The intent is to unpack the analyzers (i.e., converting language-specific monolithic analyzers to their constituent parts, based on their breakdown from Elastic) and then apply general improvements (upgrading lowercasing to ICU norm and adding homoglyph norm, for example), test the results, deploy the changes, and re-index.
There are 27 analyzers to unpack, and there seem to be two more analyzers to enable (which is more to test, since we’d be enabling new stemmers). Re-indexing takes time, too. Because of the number of analyzers to work on, this task is probably "Epic-ish".
Details: There are 25 Wikipedias using the default Elasticsearch analyzers. All of these need to be unpacked: Arabic, Armenian, Basque, Bulgarian, Catalan, Czech, CJK for Japanese, Danish, Dutch, Finnish, Galician, German, Hindi, Hungarian, Irish, Latvian, Lithuanian, Norwegian, Persian, Portuguese, Romanian, Sorani, Spanish, Turkish, Thai. There is also a "Brazillian" analyzer from Elastic, for Brazillian Portuguese, which is used by br.wikimedia.org.
There is one non-Elastic monolithic analyzer plugin that we have deployed that should be unpackable: Ukrainian.
Two others analyzers are available, but aren't in use on their respective Wikipedias: Bengali, Estonian. Those should be enabled (as unpacked analyzers) and tested, though that will be more involved since they both include stemmers.
Re-indexing after unpacking is not too much actual work if it goes smoothly, but does take time for larger wikis (Spanish, German, Portuguese, Dutch, Japanese, and Ukrainian all have >1M articles) and may be delayed to sync with other SRE activities.
As we unpack more analyzers, we may also need to do some refactoring of AnalysisConfigBuilder. It may also be worthwhile to do some simple bug fixes after unpacking, to minimize re-indexing, but we'll have to see how quickly we proceed and how "simple" the bugs turn out to be. ;)
Done / In Progress—See tickets for deployment status and T147505 for reindexing status
- Spanish T277699
- German, Portuguese, Dutch T281379
- Basque, Catalan, Danish T283366
- Czech, Finnish, Galician T284578
- Hindi, Irish, Norwegian T289612
- Arabic, Thai T294147 — includes languages from emerging regions (Arabic and Thai)

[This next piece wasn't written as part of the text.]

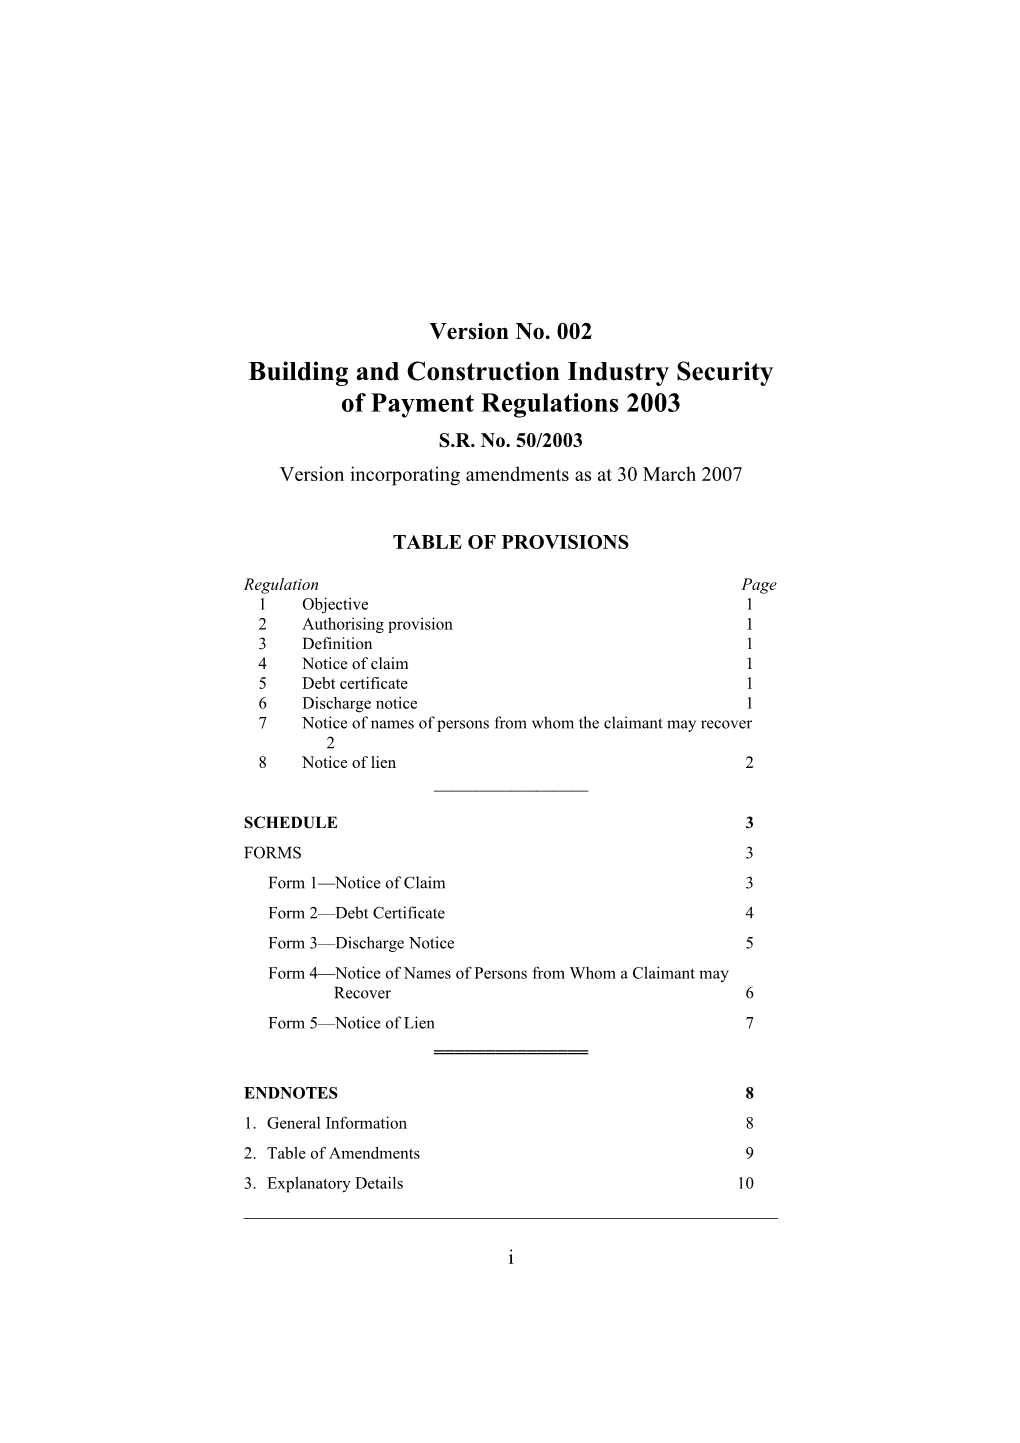 Building and Construction Industry Security of Payment Regulations 2003

- Ukrainian T318264 (not from Elasticsearch, may be more complicated) — language from emerging regions
- CJK for Japanese (
may be worth looking into Kuromoji again) T326822 - Armenian, Latvian, Hungarian T325089
- Bulgarian, Lithuanian, Persian T325090
- Romanian, Sorani T325091
- Turkish T329762
- Brazilian (only used on br.wikimedia.org) T325092
Not yet in use for some reason—so install, test, and unpack
Acceptance Criteria (per analyzer):
- Unpacked analyzers perform the same as their monolithic counterparts (without general upgrades).
- Upgraded analyzers either have no unexpected impact (we know what to expect from ICU norm and homoglyph norm, for example), or the impact is reviewed by a speaker of the language.
- Analysis changes are deployed, re-indexing sub-tasks are created here, and linked to in T147505.